Friday, September 5, 2008

Shameless Self-Promotion
I was seventy-one years old when I began work on Write What You See: 99 PhotosTo Inspire Writing. Now I'm seventy-three, and the book is finally at the publisher where it's being fine tuned and made ready for the printer.
I've been delighted by the many positive comments I've received from educators who have read the unedited manuscript. Here's an excerpt from Diane Carver Sekeres' contribution. "Kellner's juxtaposition of his and others' photography with quotes, poetry, and prompts in WRITE WHAT YOU SEE is a feast of wonderment, inspiration, provocation, and stimulation."
Diane is a member of the Literacy Program Faculty at the College of Education, University of Alabama. Thank you, Diane!

The Case of the Thieving Seagull
Of all the writing activities that use images to inspire writing that have crossed my desk, Justin Van Kleeck’s “Thieving Seagull” assignment is among the most creative and original. “I show my students a video of a seagull that steals a bag of Doritos from a store in Scotland every day,” writes Van Kleeck. In the first part of the assignment, he directs the students to write a process paper in which they instruct their fellow seagulls on how to steal, open, and eat the Doritos. In the second part of the assignment, he tells the students to write from the point of view of a shopkeeper who is telling other shopkeepers how to prevent the seagull from stealing Doritos in a creative, non-violent way. "The key to the exercise,” concludes Van Kleeck, “ is for students to utilize the process approach while also employing their imaginations. They should be encouraged to create easy to follow, step-by-step instructions without skimping on style."

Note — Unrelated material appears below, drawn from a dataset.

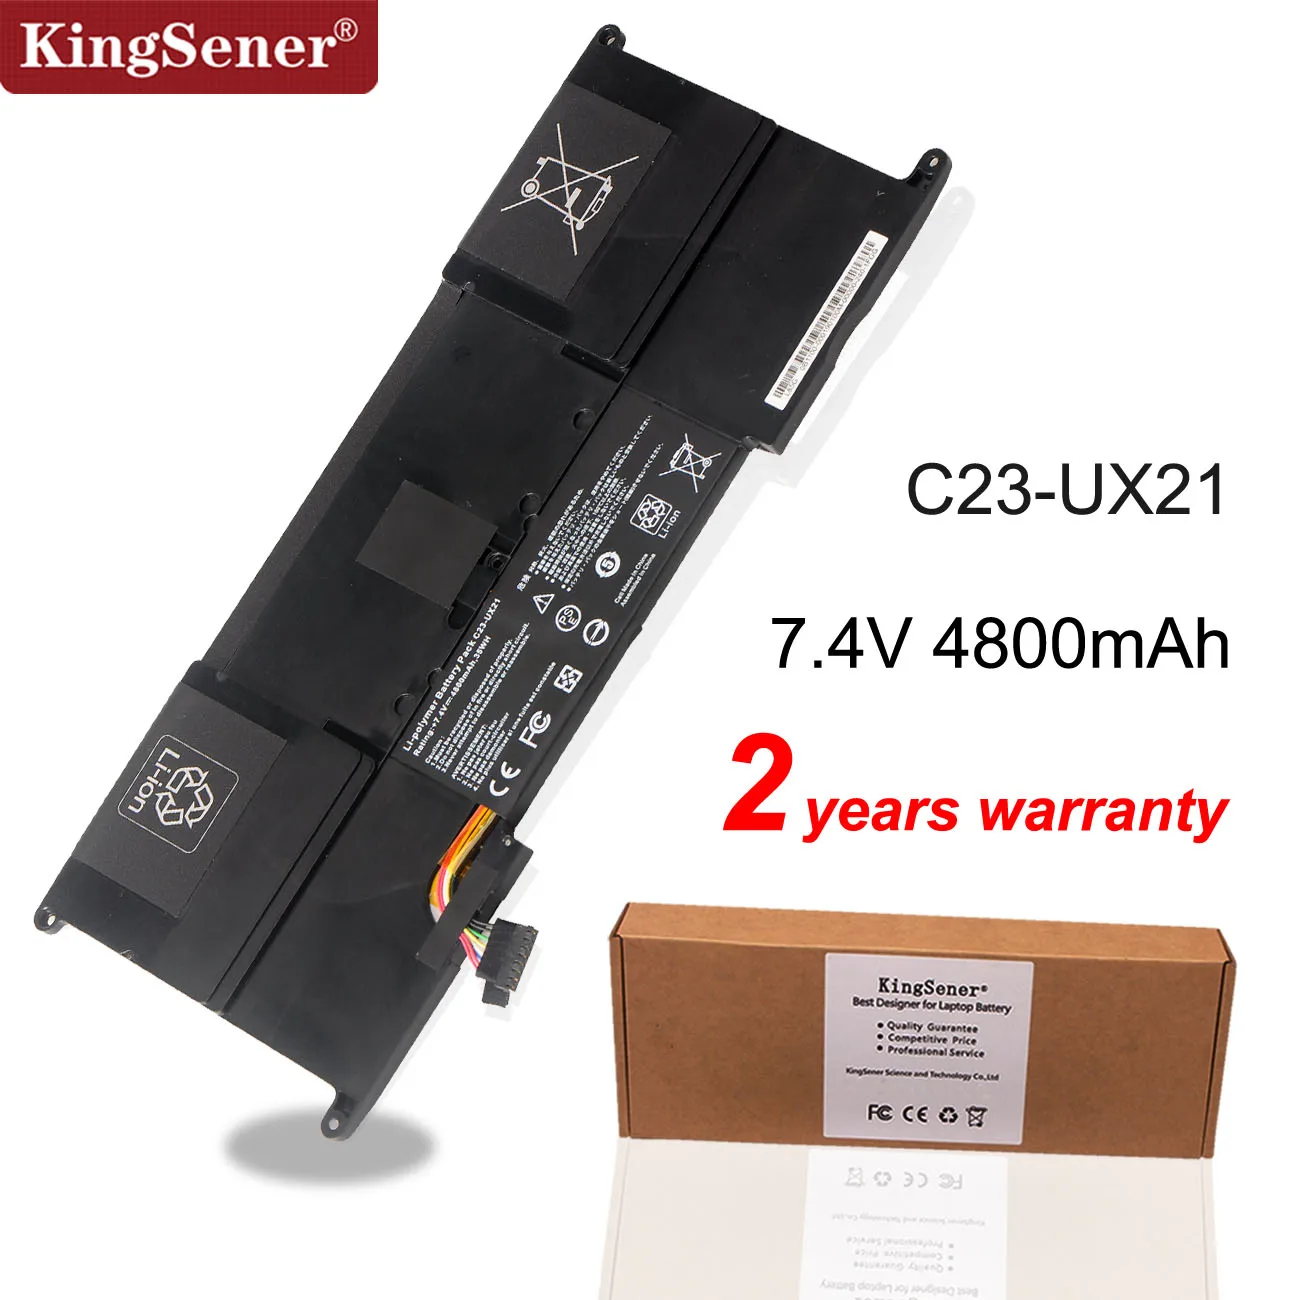 

KingSener C23-UX21 Laptop Battery for ASUS Zenbook UX21 UX21A UX21E Ultrabook Series 7.4V 4800mAh Free 24 months Warranty

Does This Person Have a Toothache?
Well, we really don't know, do we? But whatever the problem may be, the image shown against an interesting and enigmatic background certainly is provocative.
Some students may simply study the photograph and allow their imaginations to guide them in their writing. Others may wish to discuss such questions as : (1) Is the person in the photograph a man or a woman? ((2) What is the meaning of the cryptic statement painted on the background? (3) Is the subject of the photograph in pain? If so, what is the cause of the pain? (4) If you could interview the subject of the photo, what would you want to find out about him or her?In any case, this photograph is just one example of thousands--maybe even millions--of others that can trigger ideas in the minds of students at all levels.

Nitwit of the Month Award
If Bill O'Reilly can have a "Pinhead" Award, why can't I have a "Nitwit" Award? Here's my first one. According to the London Daily Mail, a former British glamour model named Jayne Bennington spends the equivalent of $600 a month in an attempt to make her 11-year-old daughter into a beauty queen. Congratulations from across the pond, Jane. We look forward to the appearance of your unlucky daughter on a reality show very soon.